In the nozzle body, a pressure chamber 15 is formed, which communicates via a connecting channel 18 with a pressure booster chamber 22 in connection. In the pressure booster chamber 22 is supplied with high-pressure fuel, which is further compressed in response to the pressure in a pressure booster control chamber 23. For this purpose, one end 24 of a pressure booster piston 25 protrudes into the pressure booster chamber 22. The end 24 of the pressure booster piston 25 has substantially the shape of a circular cylinder whose outer diameter is smaller than the outer diameter of the section 25 of the pressure booster piston. In a pressure booster working chamber 26, a pressure booster spring 27 is arranged, by means of which the pressure booster piston 25 is biased in the direction of the nozzle needle 10 away.

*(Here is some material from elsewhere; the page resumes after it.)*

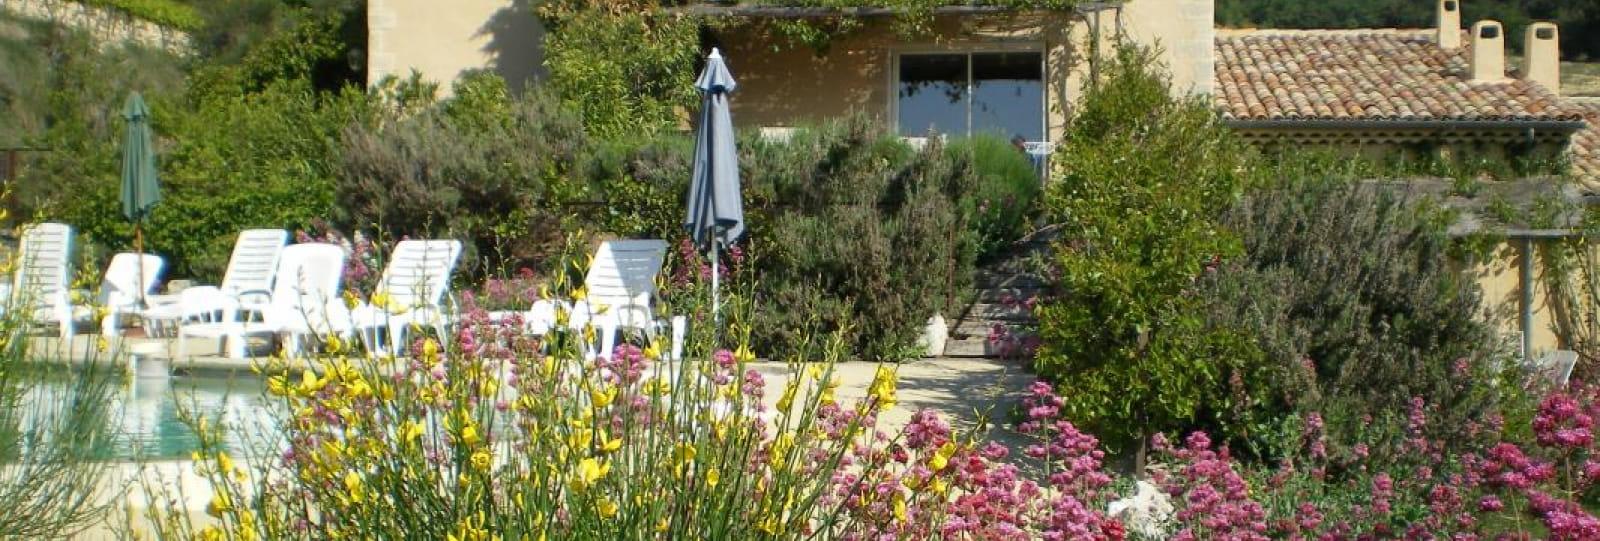 Gites de la Crose - Terrasse le Florie

The pressure booster control chamber 23 communicates via a connecting channel 29 with a 3/2-way valve 32 in connection, which in turn communicates via a connecting channel 34 and the fuel supply lines 3,4 with the high-pressure accumulator chamber 2. In addition, the 3/2-way valve 32 has a port 35 to a fuel tank (not shown).

In the in FIG. 1 shown position of the 3/2-way valve is the pressure booster control chamber 23 via the connection channels or connecting lines 29, 34, 3 and 4 with the high-pressure fuel storage chamber 2 in connection. Via a check valve 40 and a connecting line 41, the pressure booster chamber 22 communicates with the pressure booster control chamber 23. The check valve 40 has a check ball, which is biased for example by means of a check valve spring against a check valve seat that the pressure booster chamber 22 is filled via the connecting lines 41, 29, 34, 3 and 4 from the high-pressure fuel reservoir 2 with fuel when the Pressure in the booster chamber 22 is smaller than in the high-pressure fuel chamber 2.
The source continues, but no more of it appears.